The government says the militant movement is a cover for thieves siphoning crude oil on a commercial scale from pipelines across the vast wetlands region. The militants deny this.

They have demanded the release of two ethnic Ijaw leaders -- an impeached state governor on trial for money laundering and a militia leader charged with treason -- and more local control over the Niger Delta's vast oil resources.

The militants snatched the hostages -- three Americans, a Briton, two Egyptians, two Thais and one Filipino -- from a barge operated by U.S. services company Willbros during a string of attacks on Saturday which crippled Shell's 380,000-barrel-a-day Forcados loading platform and two pipelines.

About 100,000 barrels a day of Forcados production was already knocked out by an earlier attack.

Shell closed its 115,000 barrel-a-day offshore EA oilfield as a precaution.

PRICE RISE

The military-style raids were a mirror image of attacks in December and January which hit 10 percent of Nigerian exports at one point and saw four foreign oil workers kidnapped for 19 days.

The latest attacks occurred a few hours after the close of global futures markets and analysts predicted a sharp jump in prices at the open of trading on Monday.

"It's got to be worth up to $2 a barrel initially," said Geoff Pyne, an independent market analyst in London.

World prices had subsided below $60 per barrel on the London market last week, from a recent high near $70, on a steady increase in oil stockpiles in consuming nations.

"There is plenty of crude but this will stoke fears of a supply crunch.

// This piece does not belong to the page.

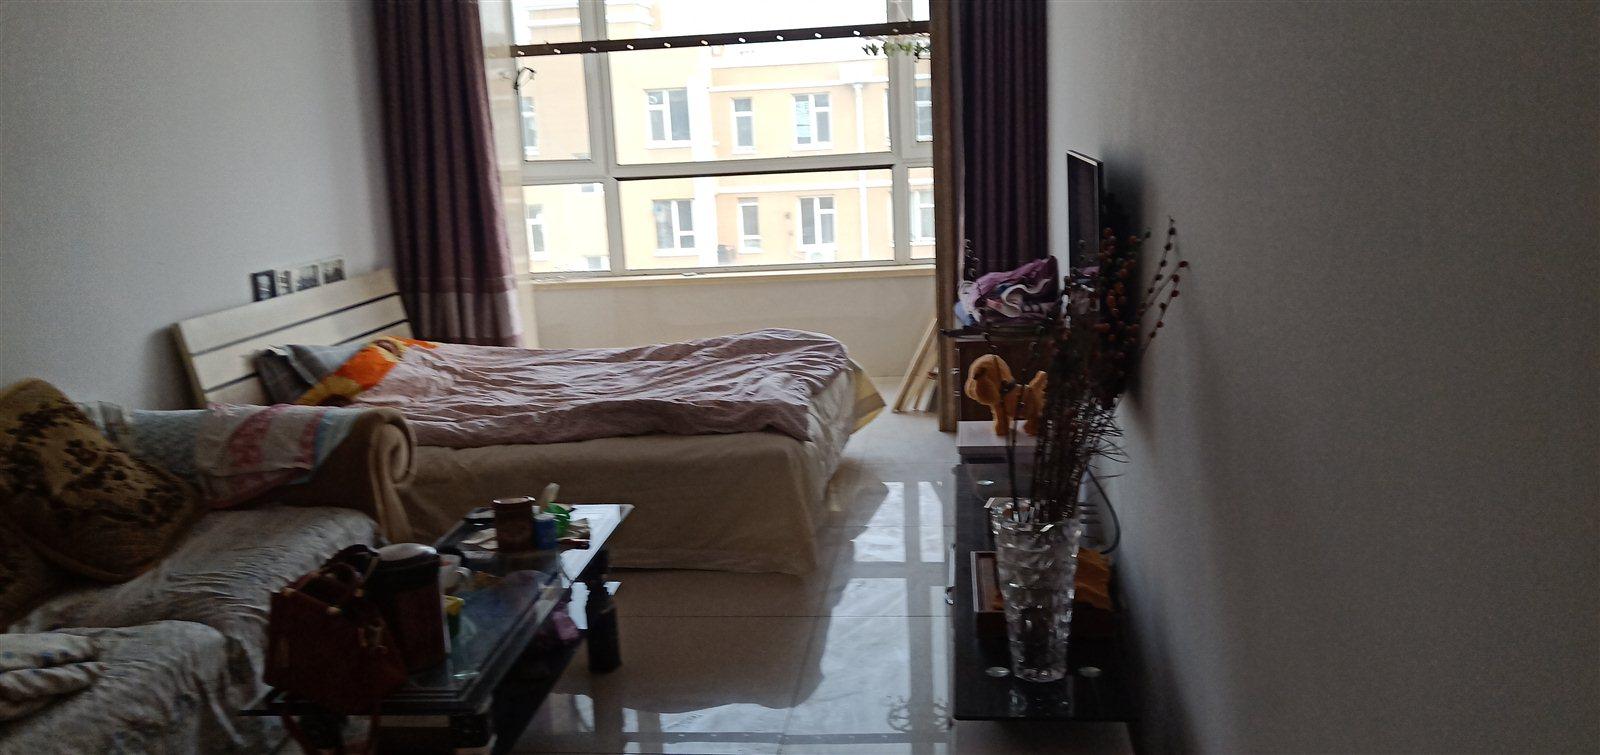 明珠花园2室 1厅 1卫16万元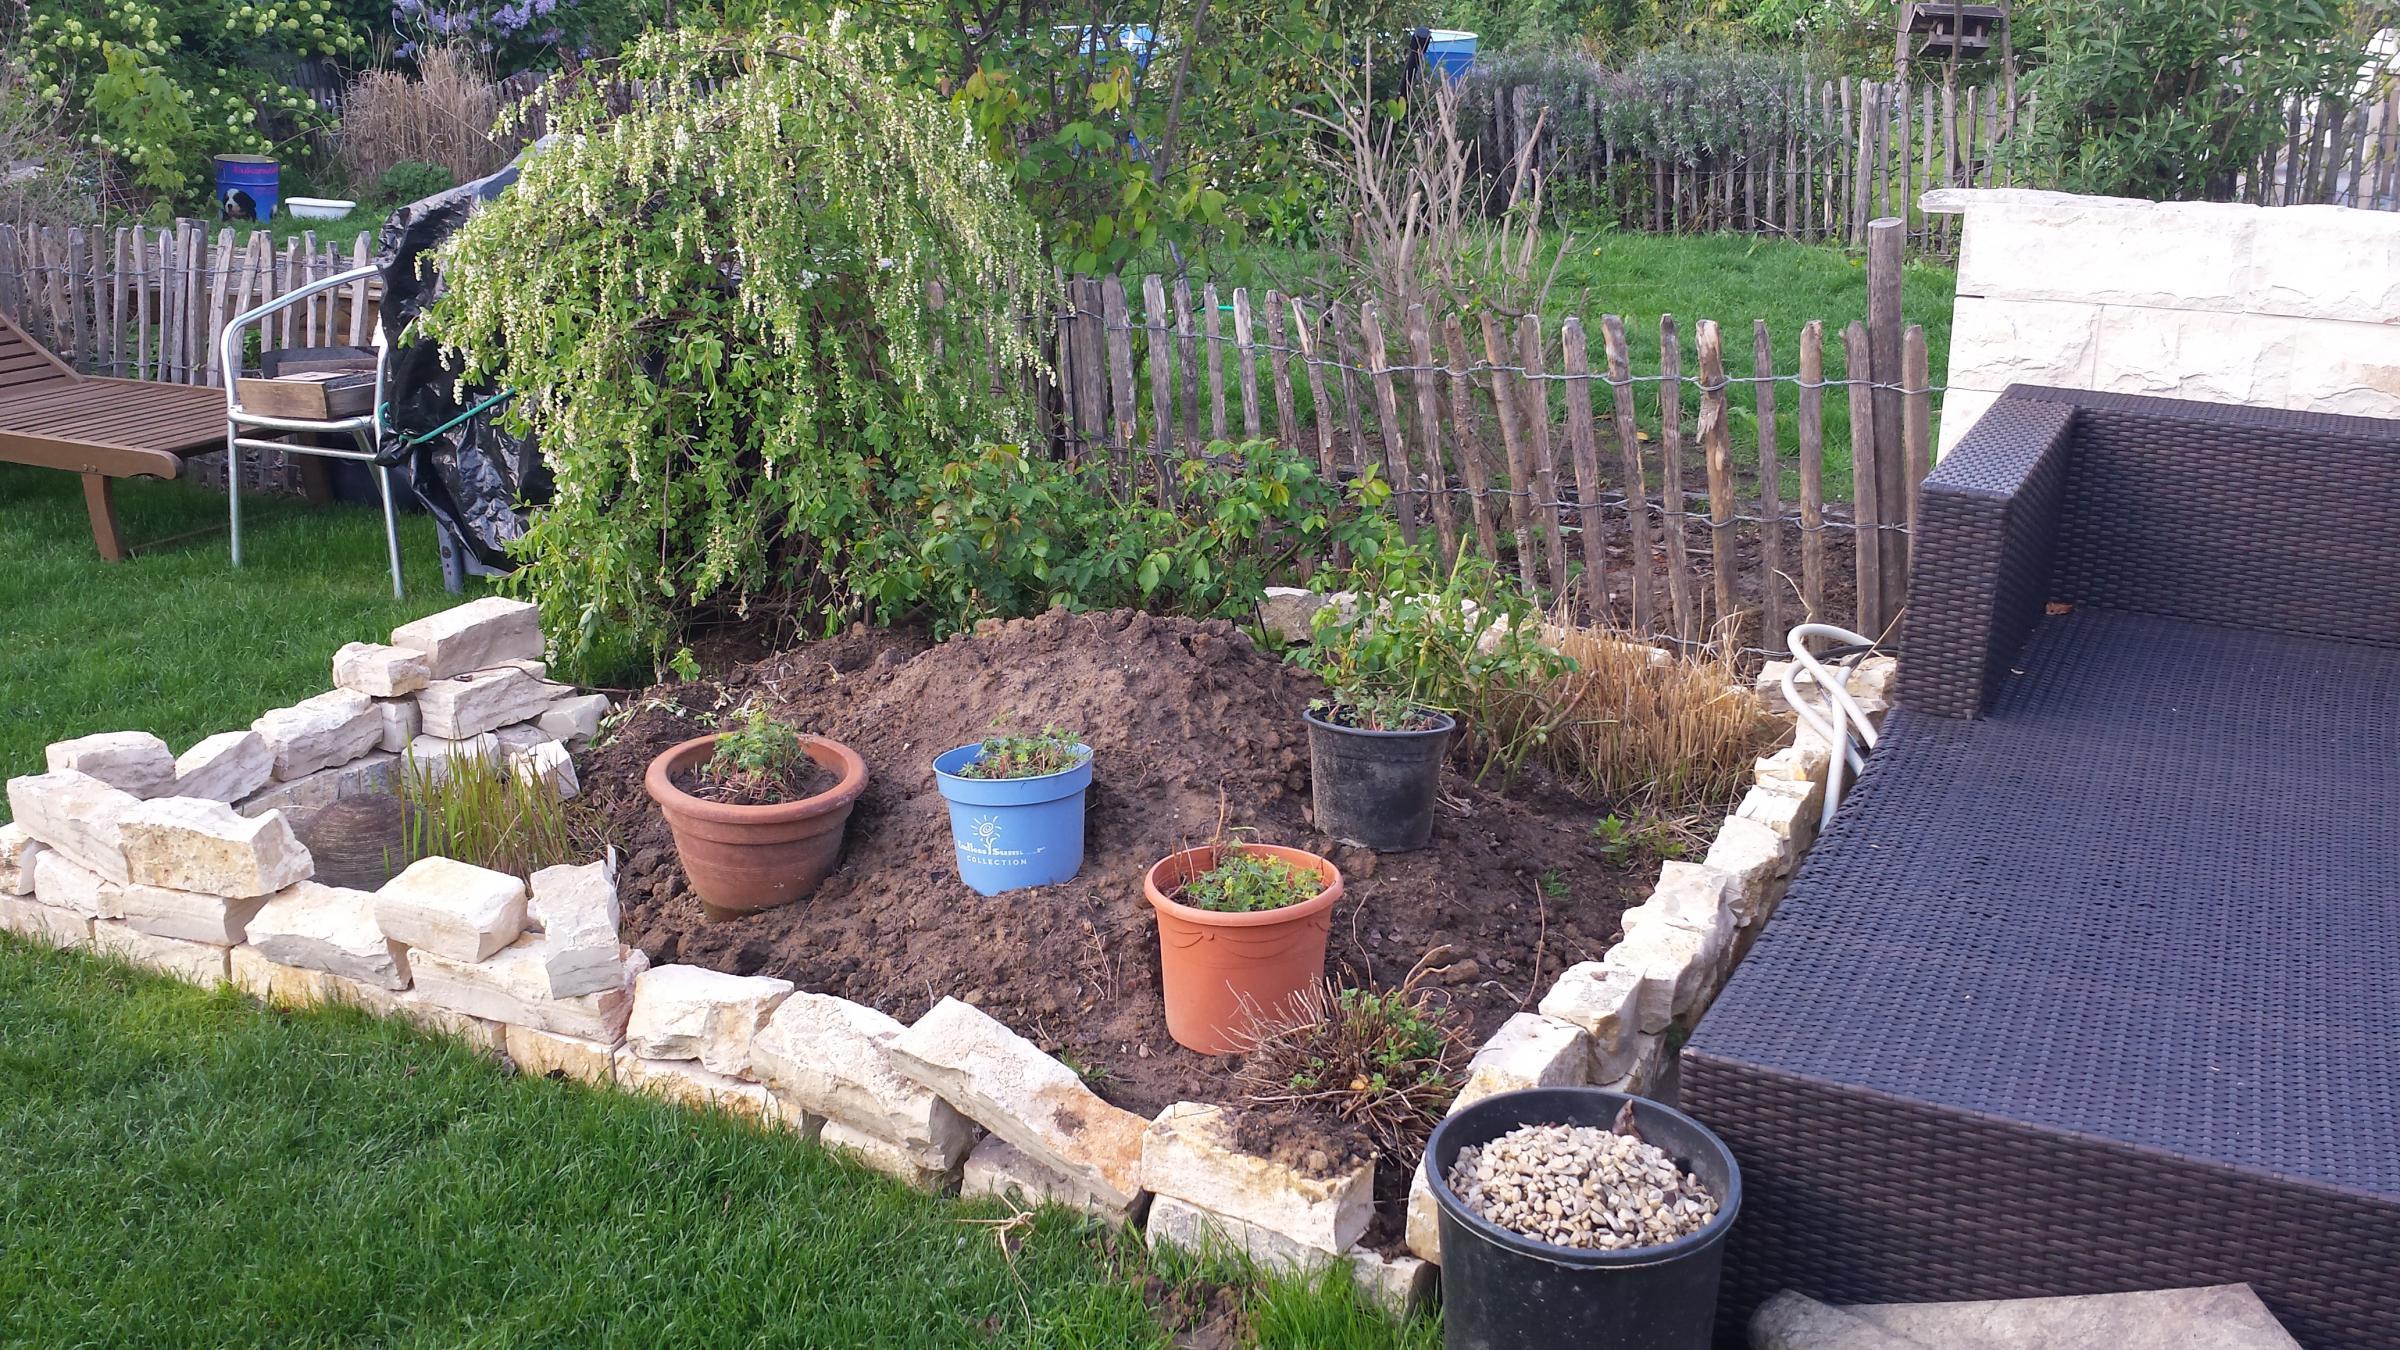 Kleines Beet mit Miniteich und Steinen - Hilfe benötigt - Garten ...

There is no doubt prices will go higher," said Gary Ross of PIRA consultants in New York.

Nigeria has some new offshore oilfields now coming on stream which will partially offset the lost output, Pyne added, but militants have promised another wave of attacks "on a grander scale" in the near future.

Militants said they had detected 14 military boats in the vicinity of Forcados on Sunday and that they would mount another assault shortly.

"We will carry out further attacks in areas with considerable presence of Nigerian military in order to compound the embarrassment of the Nigerian military and expose their ineptitude to the world," the militants said.

"Oil workers on any kind of vessel should leave the vicinity of Delta state immediately," they added.

The barge where Saturday's kidnapping occurred was defended by two navy patrol boats but security sources said many of the 12 guards were sleeping when the militants, armed with a heavy machinegun, assault rifles and rocket propelled grenades, arrived in large numbers.

The kidnappers could have taken more foreign oil workers hostage if they had had more space on their speed boats, the source added.

"The Nigerian troops are not motivated, not equipped and not trained to deal with this," he said.